The problem is what do you define as a dirty trick? As an example the push poll in the South Carolina never happened, yet McCain went around afterwards claiming to his supporters in the press that Bush committed a dirty and probably rascist act against him. Was that a dirty trick? A democrat in Maine illegally leaked records about Bush’s DUI days before the 2000 election. Was that a dirty trick or a legit new story? It seems to me that people want to blur the line between negative campaigning and dirty tricks. If people are too lazy to find out the truth and believe lies, then that is a price of democracy. It is very difficult to maintain a government that is better than the society that produced it.

I am aware of those points. I have watched the hand-wringing over “negative ads” for over forty-six years, along with the attendant polls showing that they give the best bang for the buck in elections even when the voters appear to know that they are often lies.

I merely note that the OP chose his own side of the political spectrum for examples of bad actions, (so that there would not be claims of partisan cherry picking of examples), then asked that the issue be debated, not the politics.

I am asking the same thing. If there is a way to reduce dirty tricks, then let’s address that rather than simply wandering around saying “if we ban the other side, the dirty tricks will go away.”

It all depends on what the purpose of politics is. The Spelling analogy is not a good one, since the purpose of commercial television is to get eyeballs to the advertisements, and anything legal doing that is legitimate. If Spelling were trying to put bikinis on PBS it might be another story.
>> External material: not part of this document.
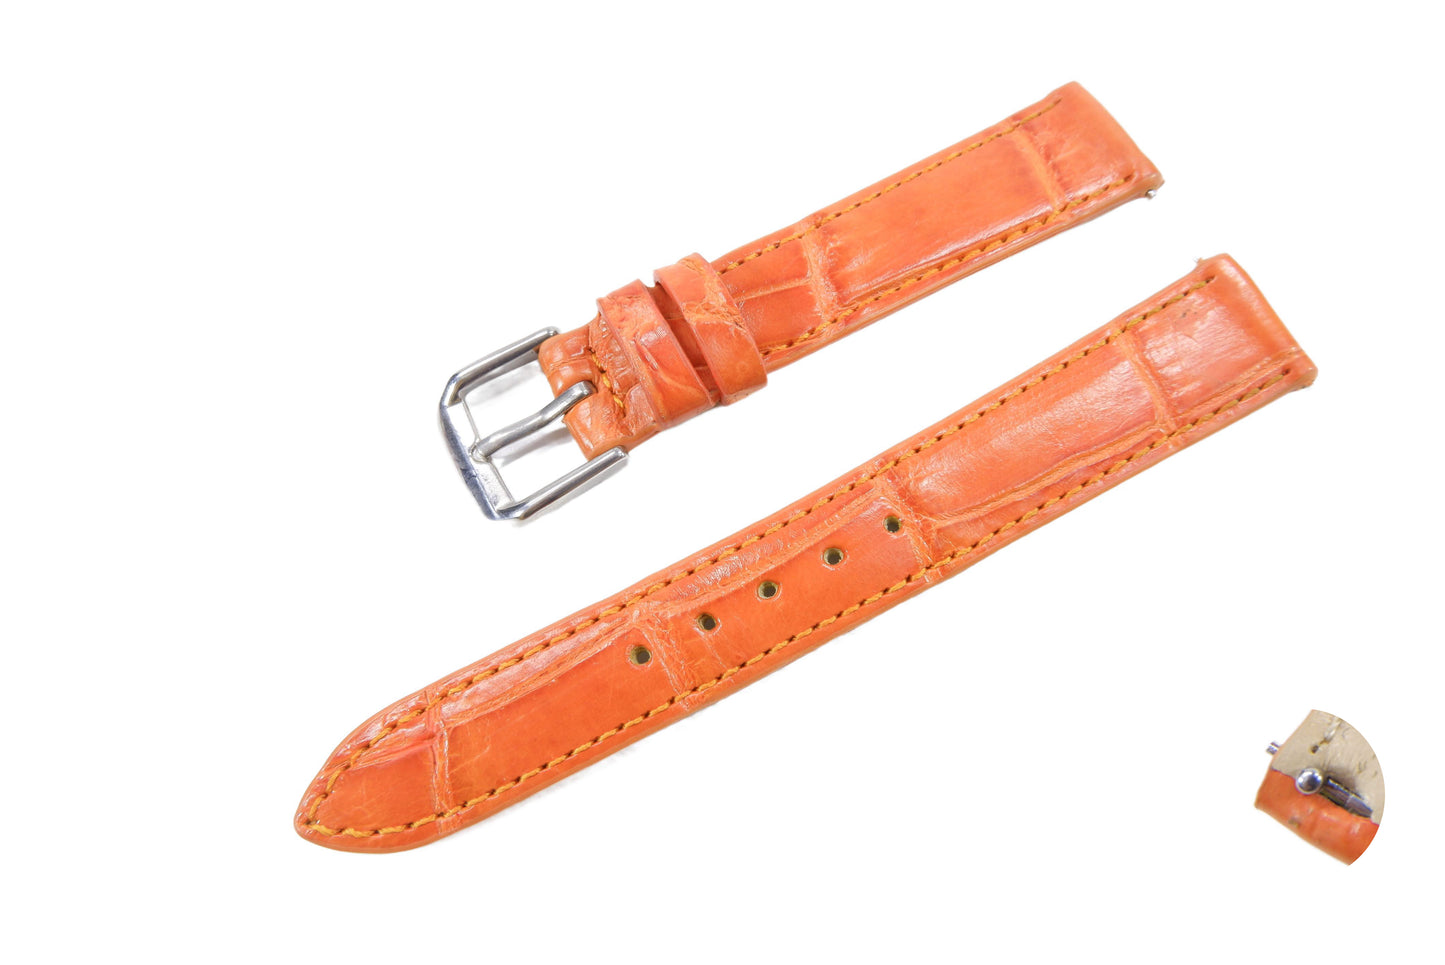 Genuine Crocodile Belly Skin Leather Quick Release Watch Strap Orange Band with Buckle

Is the purpose of politics to acquire personal power for you and yours, or to work for the best of the country? if it is the latter, then dirty tricks are immoral. If it is the former, they are easy to understand. I can see the argument that a given candidate or party is so sure they have THE answer that any activity to put them in power to act on their solution is legitimate. But that way lies totalitarianism. If the press wants to publish something that reduces the chances that your one true solution can be implemented, why not suppress them?
Corruption is different, in that it (and sex scandals) do not modify the policy choices that voters should make. Insults are different also. Someone who accuses Obama of being a socialist is a fool, and someone who believes him is a bigger fool. Forging a Socialist membership card is a different matter.

The reason I am no longer a Republican is precisely because the party is now all about trying to get power, and not about acting in the best interests of the country as a whole, and not re-examining their policies when their honestly held beliefs cause a disaster.

How many states have made “push polls” illegal? New Hampshire has done so (the example here is of a Democrat accused of push polling). That kind of law sounds difficult to enforce.

While the most notorious dirty tricksters in modern U.S. political history are probably the Watergate crew working on behalf of Republicans, mention should also be made of the Democrats’ famous trickster, Dick Tuck (whose embarassments of Nixon fall more into the category of pranks than dirty tricks).